Барби по-прежнему смотрел в потолок, легкая улыбка чуть кривила уголки рта. Как будто знал что-то неведомое Картеру. И Тибодо очень уж захотелось открыть камеру и вышибить дух из этого говнюка. Но потом он вспомнил, что произошло на парковке у «Дипперса». И решил, пусть лучше Барбара отрабатывает свои боевые приемы на расстрельной команде, если у него получится.
– Еще увидимся, Ба-а-арби.
– Я в этом уверен. – Барби так и не удосужился взглянуть на Тибодо. – Наш город мал, сынок, и за команду за одну мы все болеем.
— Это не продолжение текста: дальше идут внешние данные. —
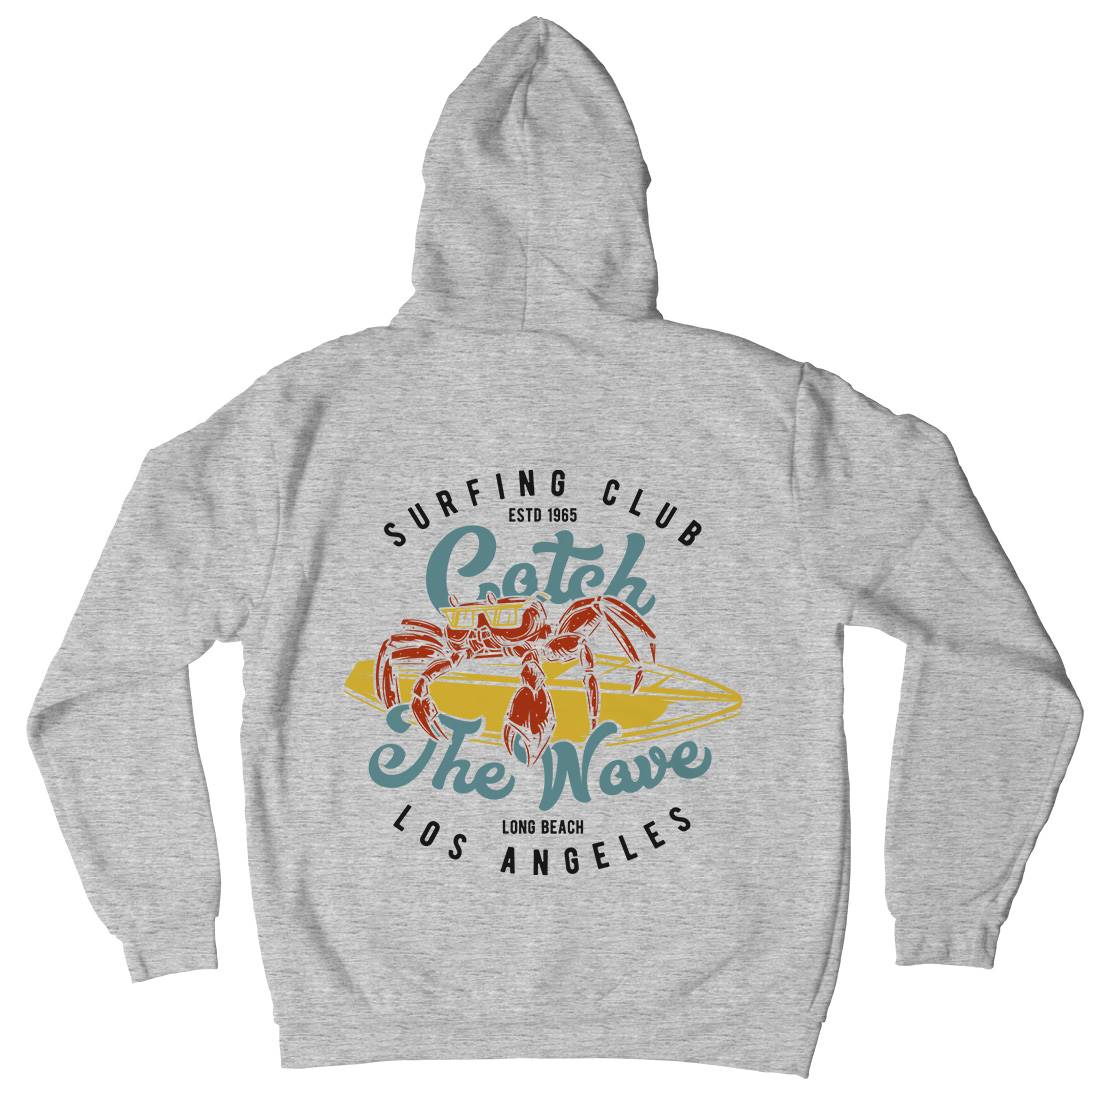 Catch The Wave Surfing Mens Hoodie With Pocket Surf B877

Когда зазвонили в дверь, Пайпер Либби еще не успела снять футболку «Бостонских медведей» и шорты, которые служили ей пижамой, и надеть что-нибудь более приличное. Она открыла дверь в уверенности, что это Элен Ру, пришедшая за час до оговоренной встречи в десять утра, на которой они хотели обсудить похороны Джорджии. Но на пороге стояла Джекки Уэттингтон. В полицейской форме, однако без жетона на груди и пистолета у бедра. Выглядела она ошарашенной.
– Джекки, что случилось?
– Меня уволили. Этот мерзавец затаил на меня зло с рождественской вечеринки в полицейском участке, когда попытался меня полапать, а я дала ему по рукам. Но я сомневаюсь, что причина только в этом, думаю, он…
– Заходи! – Пайпер отступила в сторону. – Я нашла в одном из шкафов кладовой спиртовку; наверное, осталась от моего предшественника, и она – это просто чудо – еще работает. Хочешь чашку горячего чаю?
– С удовольствием. – Слезы переполняли ее глаза и катились по щекам. Она чуть ли не сердито их вытирала.
Пайпер привела ее на кухню, зажгла походную спиртовку «Бринкман», которая стояла на столешнице.
– А теперь расскажи мне все.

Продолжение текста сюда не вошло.